Liberty Vending v. Commissioner

1998 T.C. Memo. 177, 75 T.C.M. 2285, 1998 Tax Ct. Memo LEXIS 179
CourtUnited States Tax Court
DecidedMay 13, 1998
DocketTax Ct. Dkt. No. 23958-96. Docket No.23959-96
StatusUnpublished

This text of 1998 T.C. Memo. 177 (Liberty Vending v. Commissioner) is published on Counsel Stack Legal Research, covering United States Tax Court primary law. Counsel Stack provides free access to over 12 million legal documents including statutes, case law, regulations, and constitutions.

Bluebook
Liberty Vending v. Commissioner, 1998 T.C. Memo. 177, 75 T.C.M. 2285, 1998 Tax Ct. Memo LEXIS 179 (tax 1998).

Opinion

LIBERTY VENDING, INCORPORATED, Petitioner v. COMMISSIONER OF INTERNAL REVENUE, Respondent. JOHN POULOS, Petitioner v. COMMISSIONER OF INTERNAL REVENUE, Respondent
Liberty Vending v. Commissioner
Tax Ct. Dkt. No. 23958-96. Docket No.23959-96
United States Tax Court
T.C. Memo 1998-177; 1998 Tax Ct. Memo LEXIS 179; 75 T.C.M. (CCH) 2285;
May 13, 1998, Filed

*179 Decisions will be entered under Rule 155.

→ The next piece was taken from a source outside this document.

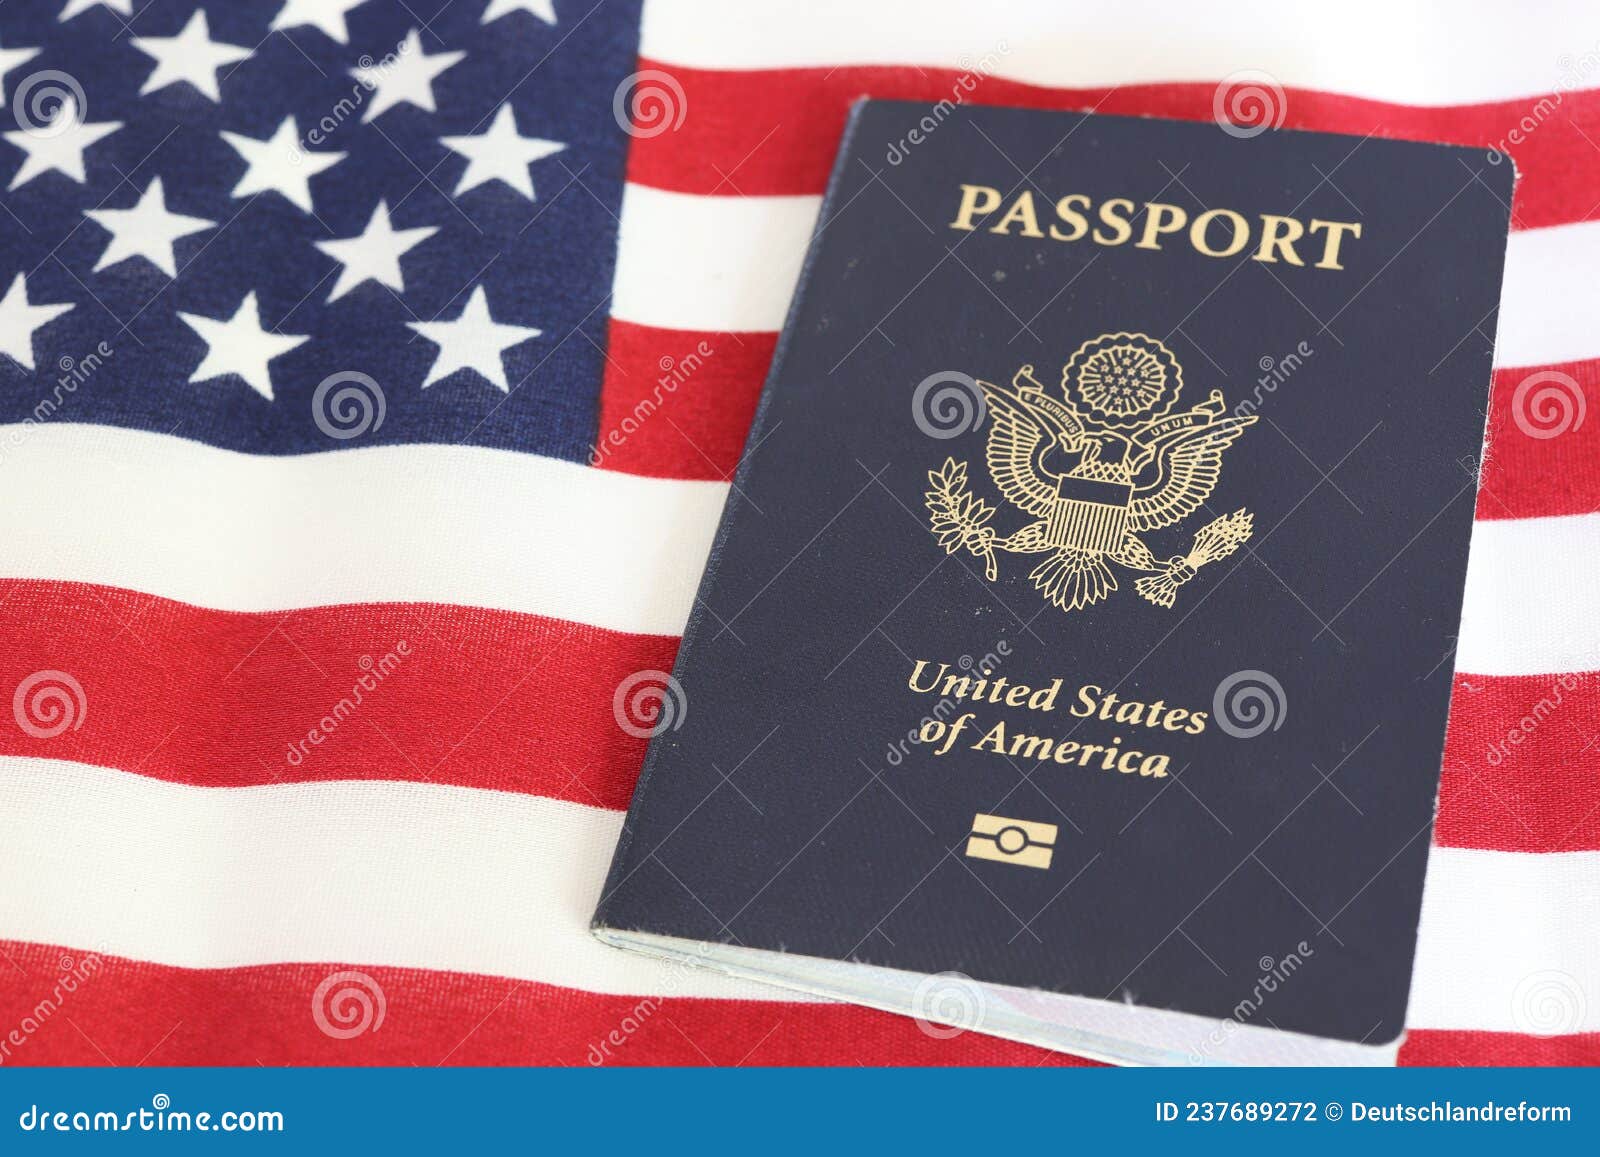 美国护照认证样本 | 中国领事代理服务中心

Karl J. Smith and Joel S. Gilbert, for petitioners.
Donna C. Hansberry and Victoria S. Crosley, for respondent.
FOLEY, JUDGE.

FOLEY

MEMORANDUM FINDINGS OF FACT AND OPINION

FOLEY, JUDGE: Respondent determined the following deficiencies in petitioners' Federal income taxes:

Liberty Vending, *180 Inc. docket No. 23958-96

YearDeficiency
1991$ 2,272
19933,750

John Poulos, docket No. 23959-96

YearDeficiency
1991$ 18,842
1992803

All section references are to the Internal Revenue Code in effect for the years in issue, and all Rule references are to the Tax Court Rules of Practice and Procedure. The issue for decision is whether petitioners are entitled to deduct amounts paid for legal fees. We hold that Liberty Vending, Inc., may not and that John Poulos may to the extent provided below.

FINDINGS OF FACT

Some of the facts have been stipulated and are so found. At the time petitioners filed their petitions, Liberty Vending's principal place of business and John Poulos' residence were in Palatine, Illinois.

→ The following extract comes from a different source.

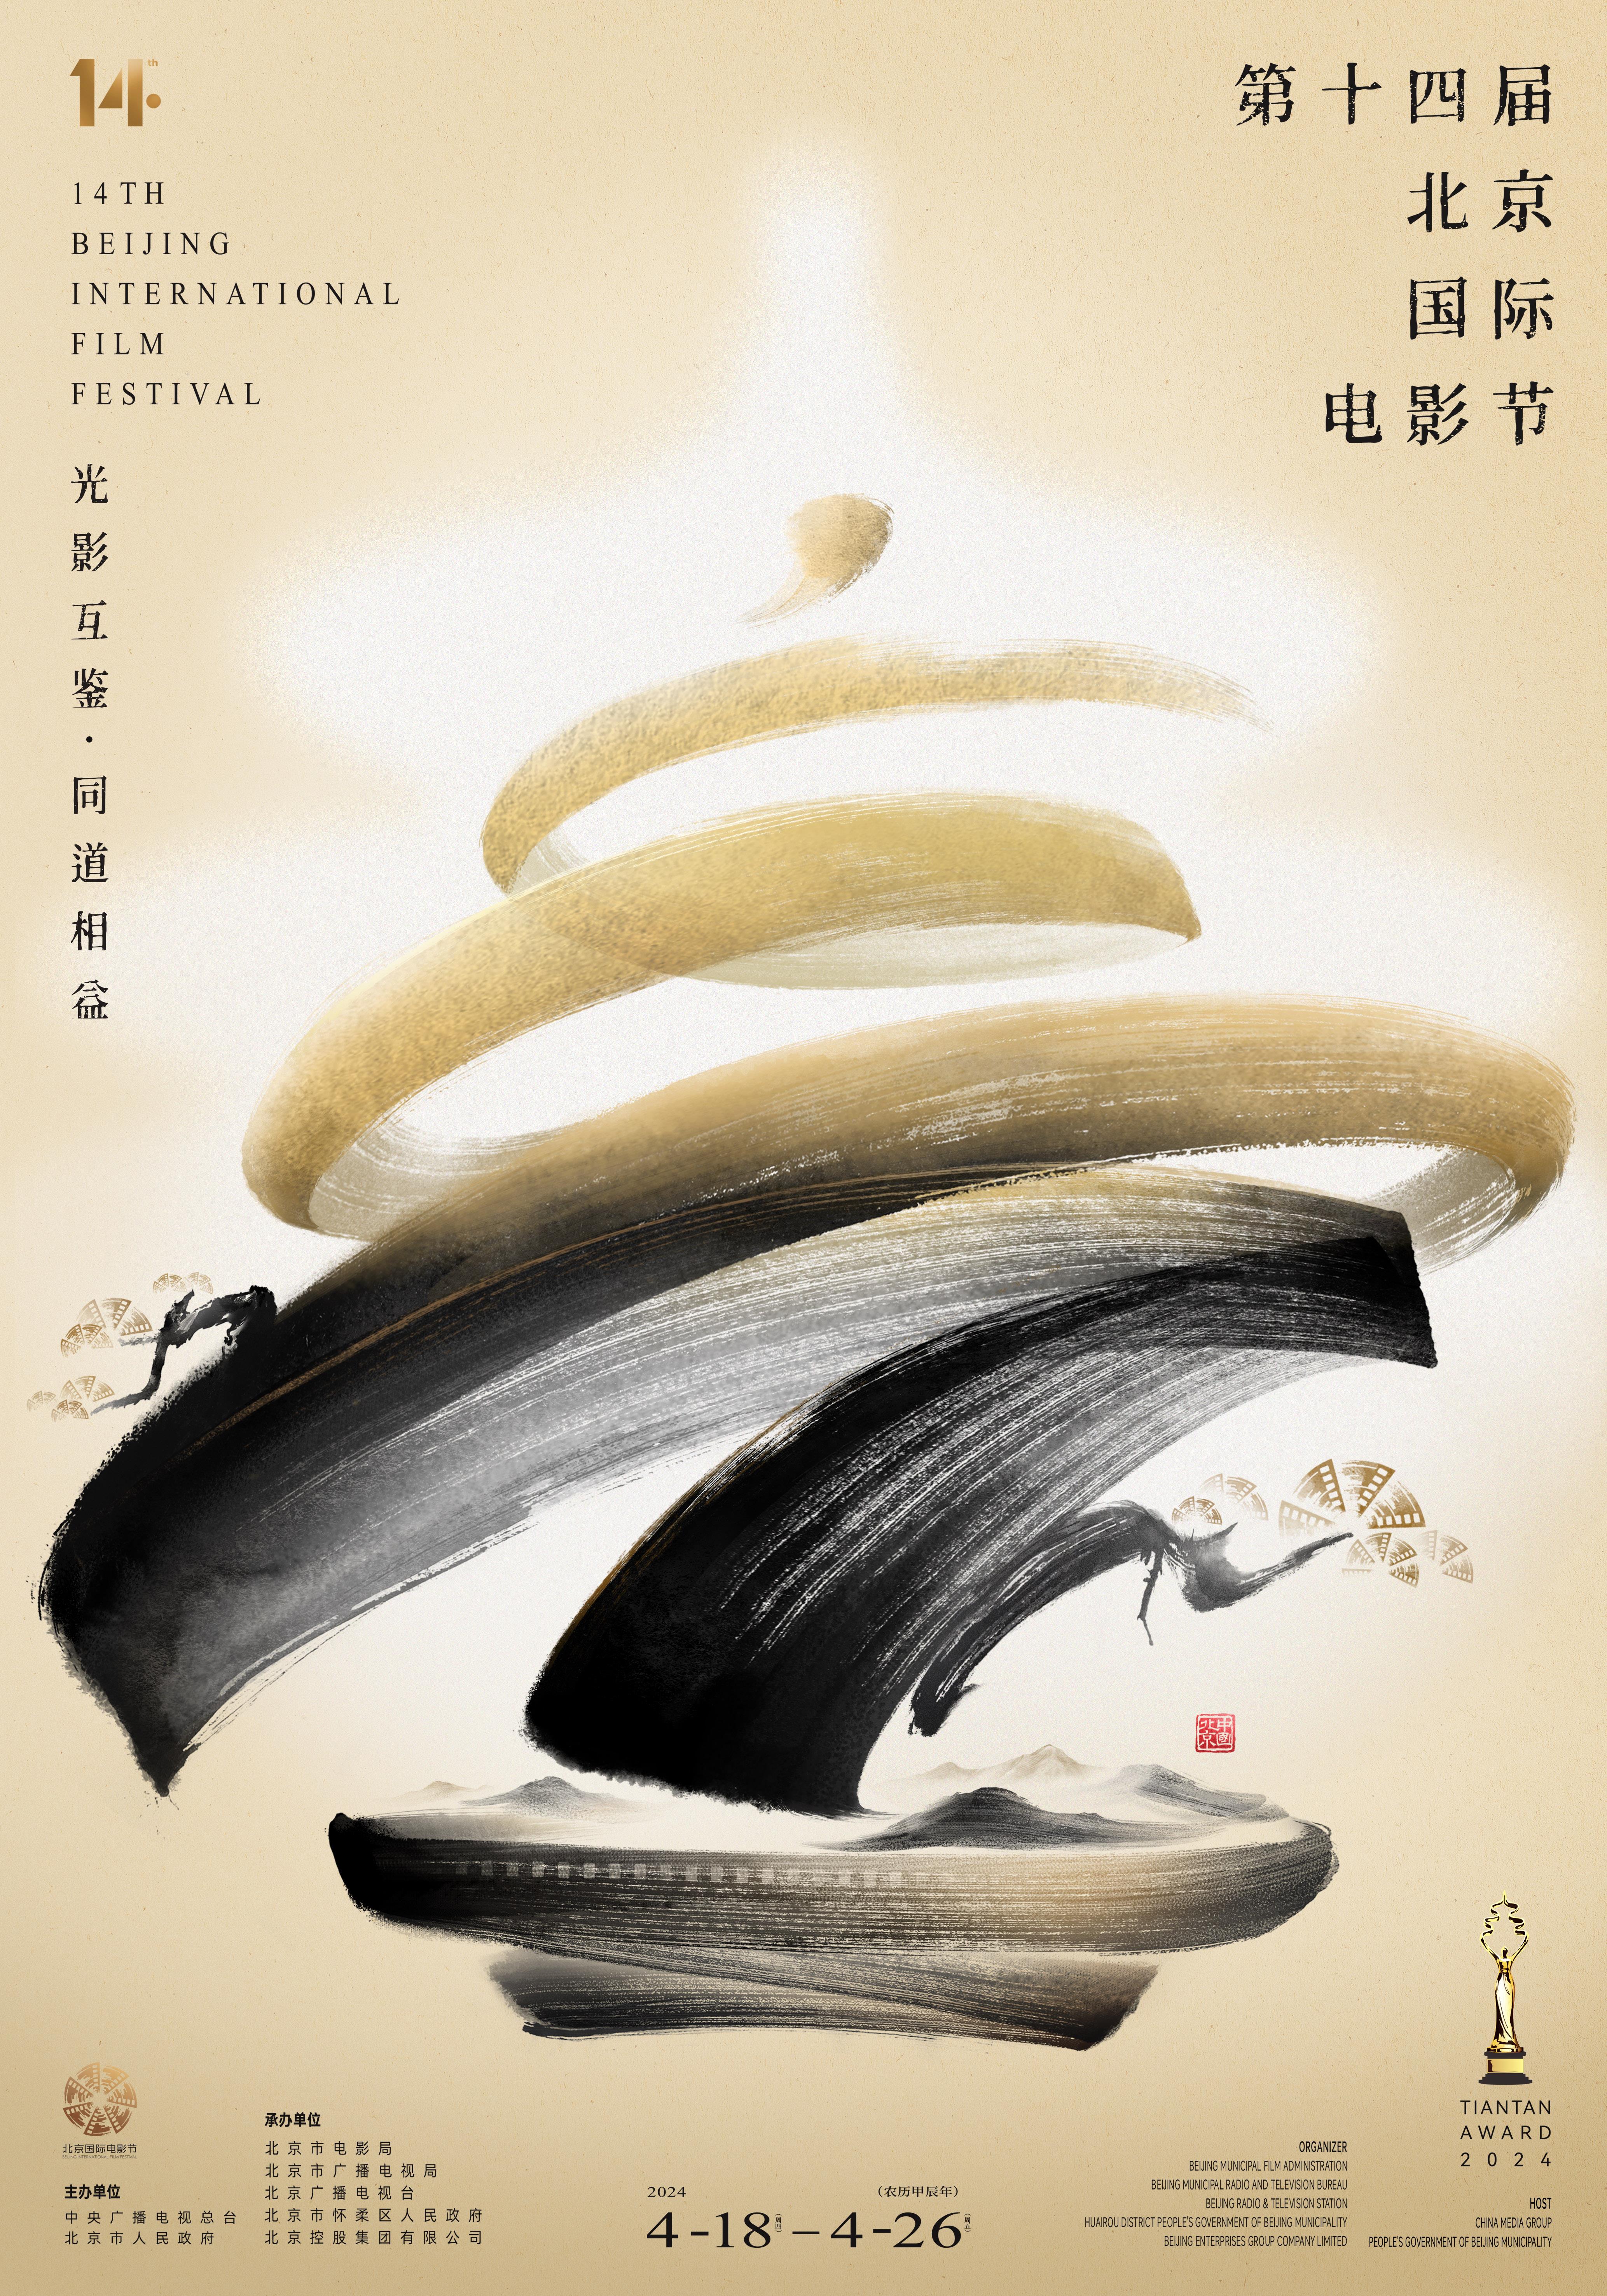 第十四届北京国际电影节4月18日开幕 “天坛奖”评委和入围影片公布

John Poulos was the sole shareholder and operator of Galaxy, Inc. (Galaxy), a subchapter S corporation, and Liberty Vending, Inc. (Liberty), a subchapter C corporation. Galaxy and Liberty operated video game arcades and, on a weekly basis, collected receipts from the video games, remitted a portion of such receipts to the games' manufacturers, and notified the manufacturers how often each game was used. Galaxy had four employees, and Liberty had*181 two employees.

In June of 1991, Mr. Poulos experienced heart problems and was hospitalized for 2 or 3 days. While Mr. Poulos was in the hospital, Mrs. Poulos filed for divorce; obtained a temporary restraining order against him; and obtained an ex parte order of protection that gave her emergency possession of Liberty and Galaxy and placed petitioners' bank accounts in escrow at American National Bank (ANB) under the supervision of the Circuit Court of Cook County, Illinois, Domestic Relations Division. Mrs. Poulos and her boyfriend then went to Galaxy's and Liberty's place of business, fired all of the employees, took large quantities of cash and equipment, and removed the corporations' books and records.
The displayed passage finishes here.